Indian singer and actress (born 1992)

Nimratpal Kaur Khaira (born 8 August 1992), known professionally as Nimrat Khaira, is an Indian singer and actress known for her work in Punjabi-language music and films. She started her singing career with the songs "Rabb Karke" and "SP De Rank Wargi" and debuted as an actress in 2017 with Lahoriye.

==Career==
Khaira won the third season of the reality television series Voice of Punjab in 2012.

She started her singing career from a duet song "Rab Karke" with Nishawn Bhullar, which was released on 24 September 2015 by record label Punjaab Records.
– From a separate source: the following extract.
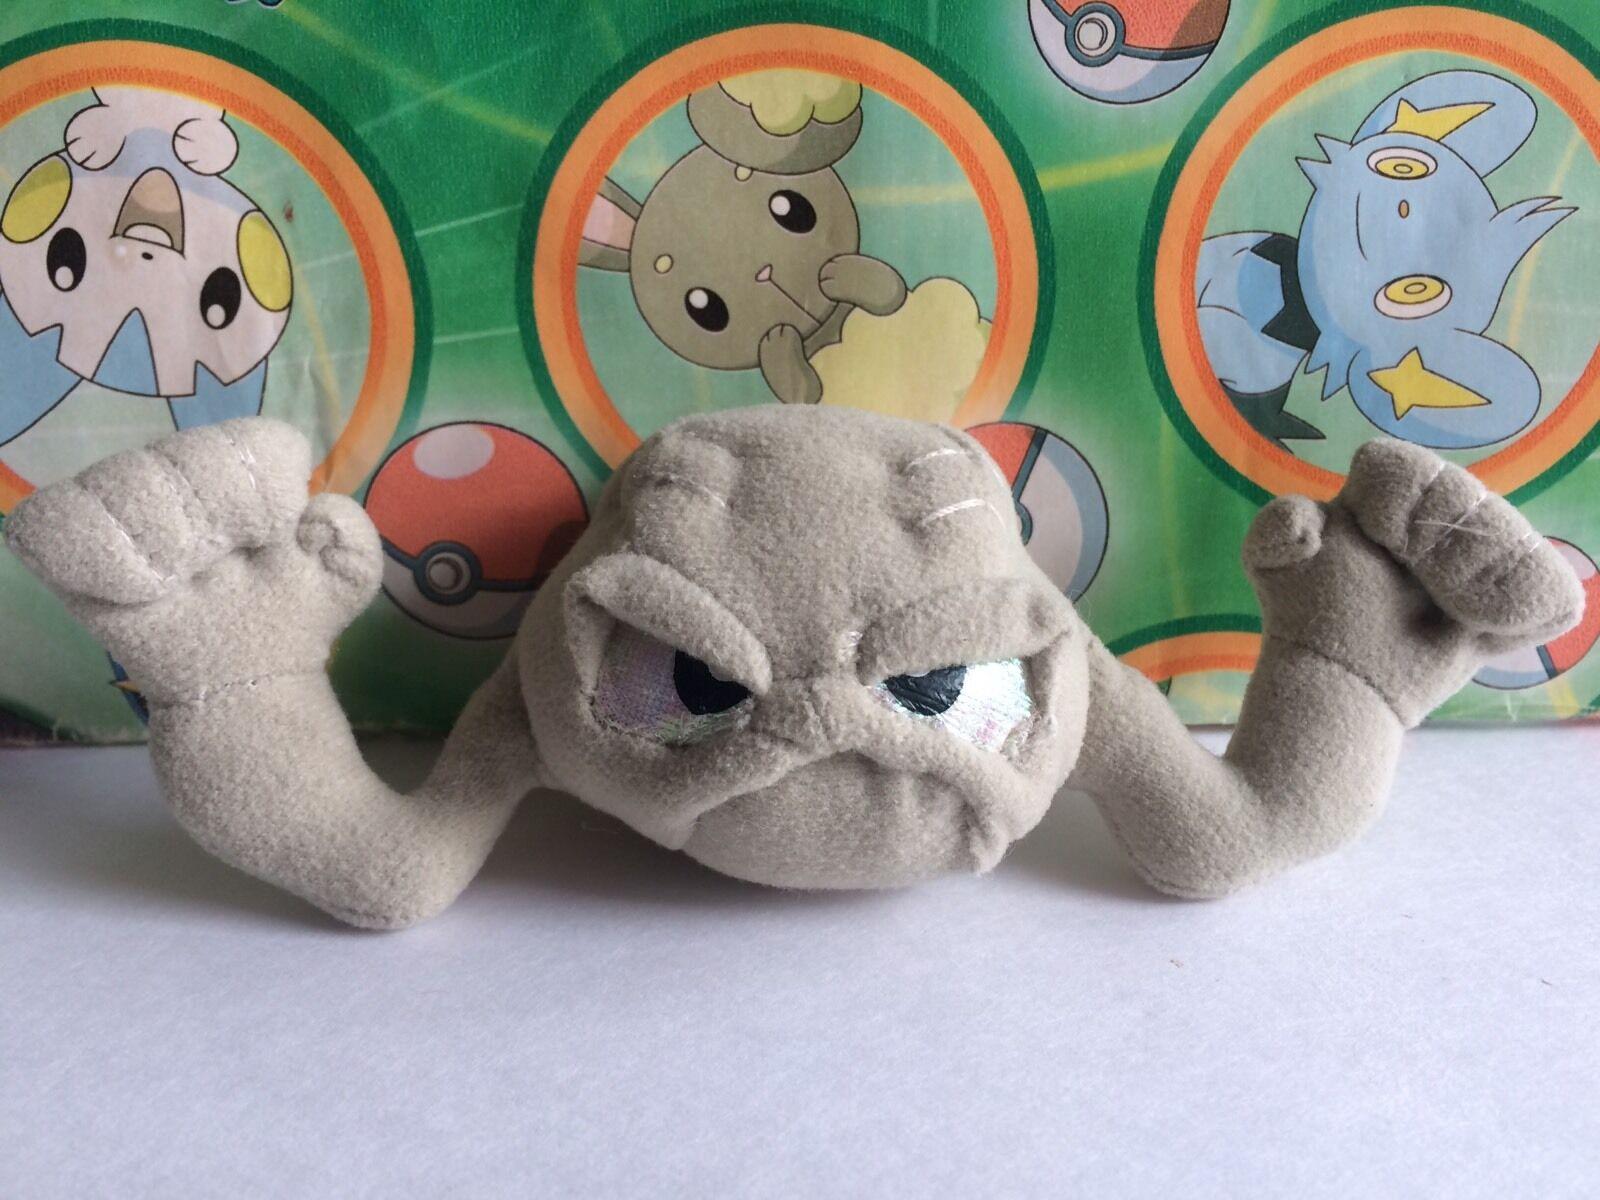 Pokemon Plush Geodude Applause Plush Stuffed Animal Toy Go figure Doll US Seller

The song received good response from audience, but she received much attention through her next two songs "Ishq Kacheri" and "SP De Rank Wargi", both released in 2016. She gained fame after the release of "Ishq Kacheri". She continued her success with songs like "Salute Wajde" in 2016. In the same year, she performed at Saras Mela, held in Bathinda, and hosted the third edition of Radio Mirchi Music Awards, which were held the following year. In 2017, she launched many hit singles, such as "Rohab Rakhdi", "Dubai Wale Sheikh", "Suit" and "Designer". She also won Best Female Vocalist award for her duo "Dubai Wale Sheikh" from Manje Bistre at Brit Asia Awards and nominated for a Filmfare Punjabi Award. The song also peaked on UK Asian chart. Her single "Suit" entered top 20 in the chart.
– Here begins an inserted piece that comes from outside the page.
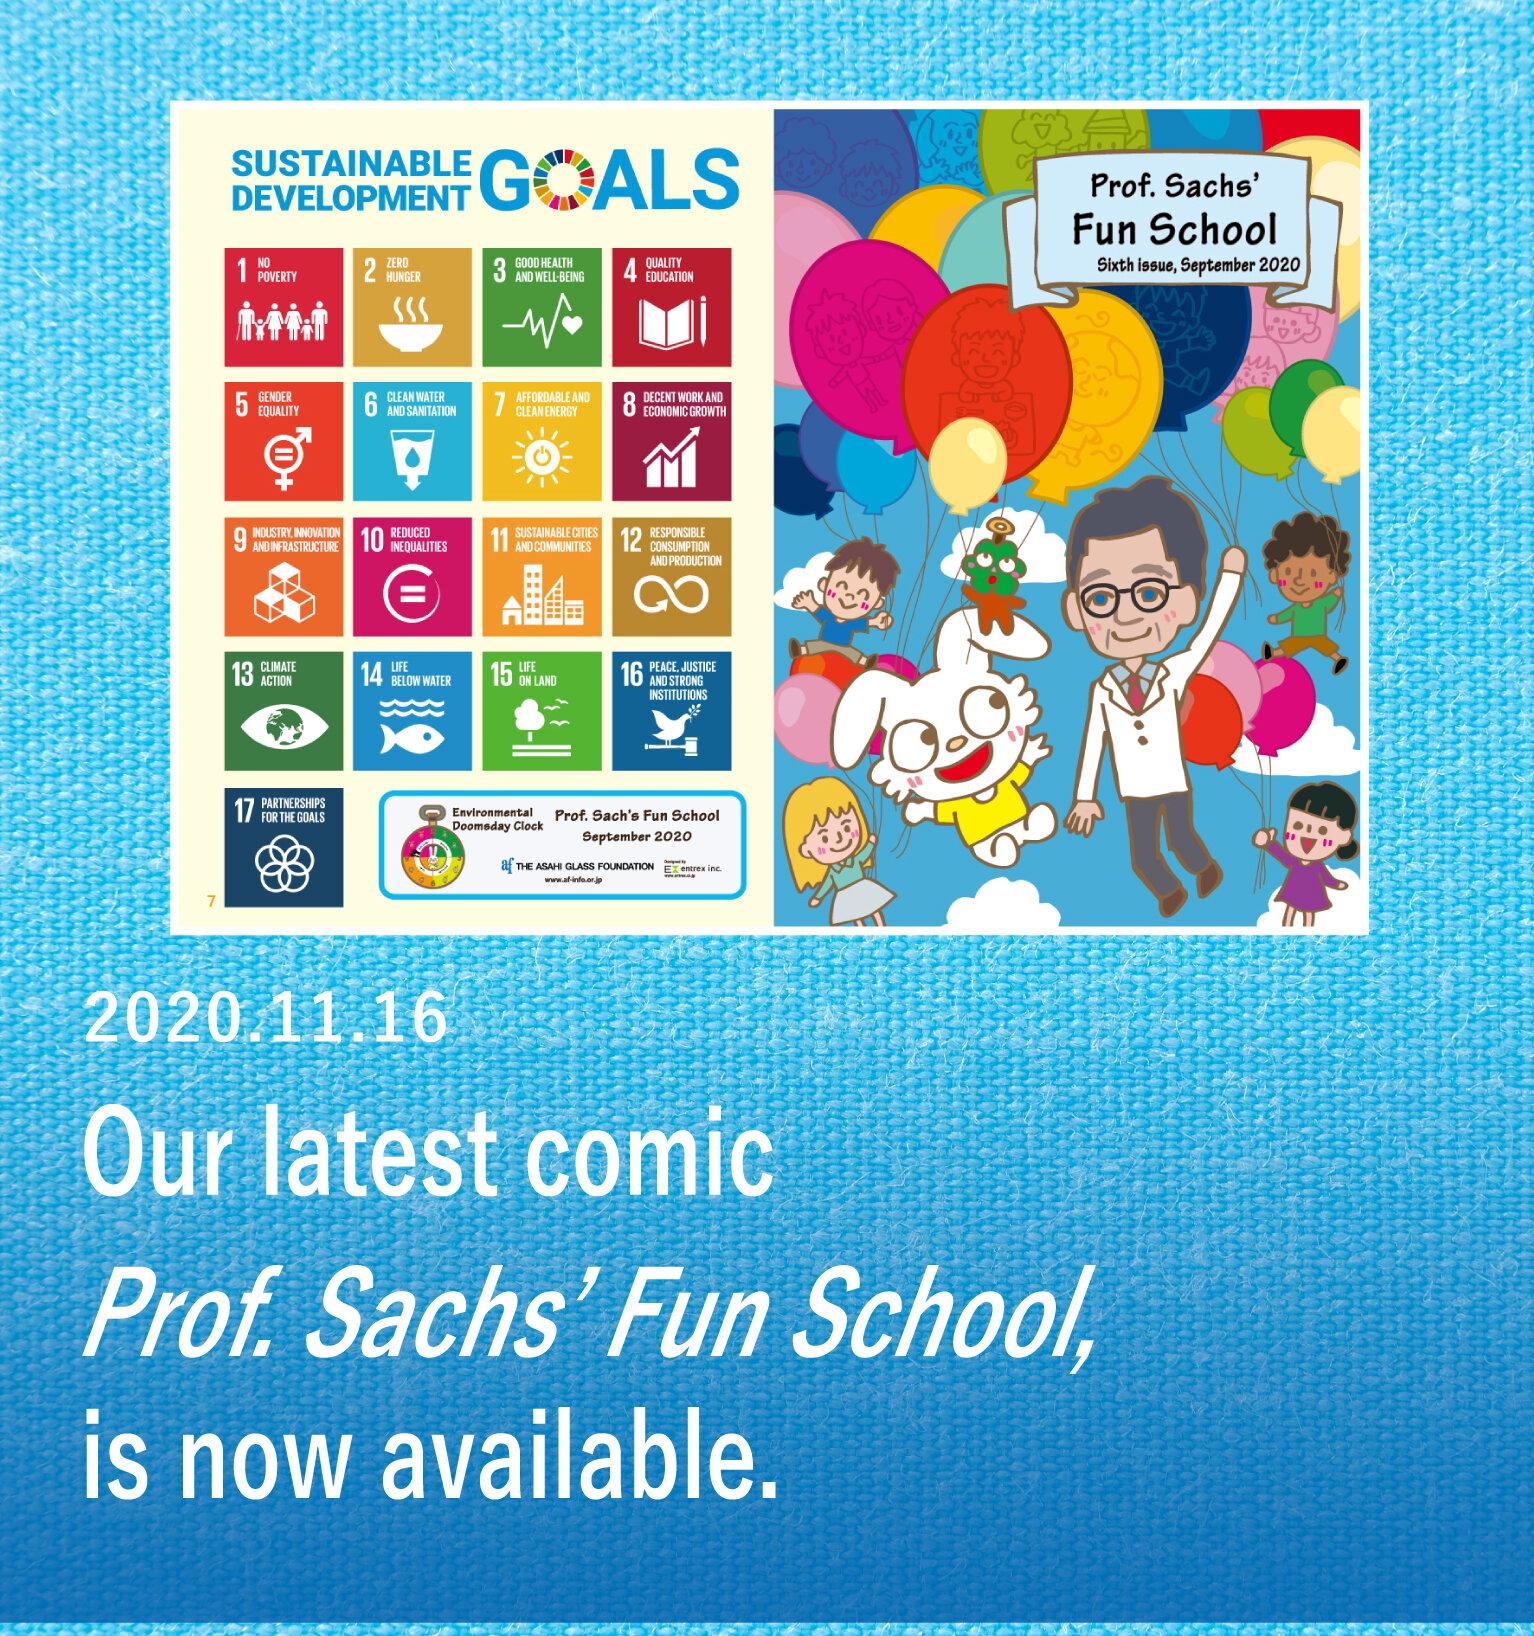 Prof. Sachs' Fun School were published

Her song "Designer", produced by Deep Jandu, garnered controversy after a foreign composer, Zwirek, claimed the music was plagiarised from his song, which led to the removal of the song from YouTube. Later, the song was re-added to YouTube, after the composition was proved legally original.

=== Film career ===
She started her film career in 2017 with Lahoriye, wherein she played the role of Kikkar's sister Harleen Kaur. She was nominated for Best Debut Performance and Best Supporting Actress at BritAsia Music & Film Awards.

Her second film, Afsar, released on 5 October 2018. The film marked her debut as a lead actress, where Khaira shared screen with Tarsem Jassar. She played the role of Harman, a teacher in a government school.

She starred alongside Ammy Virk and Sargun Mehta in Amberdeep Singh's Saunkan Saunkne, which released in 2022. Her film Jodi, which was written and directed by Amberdeep Singh, was released in 2023. In the film, she starred opposite Diljit Dosanjh. It was her second collaboration with Singh and Rhythm Boyz Entertainment after Lahoriye (2017).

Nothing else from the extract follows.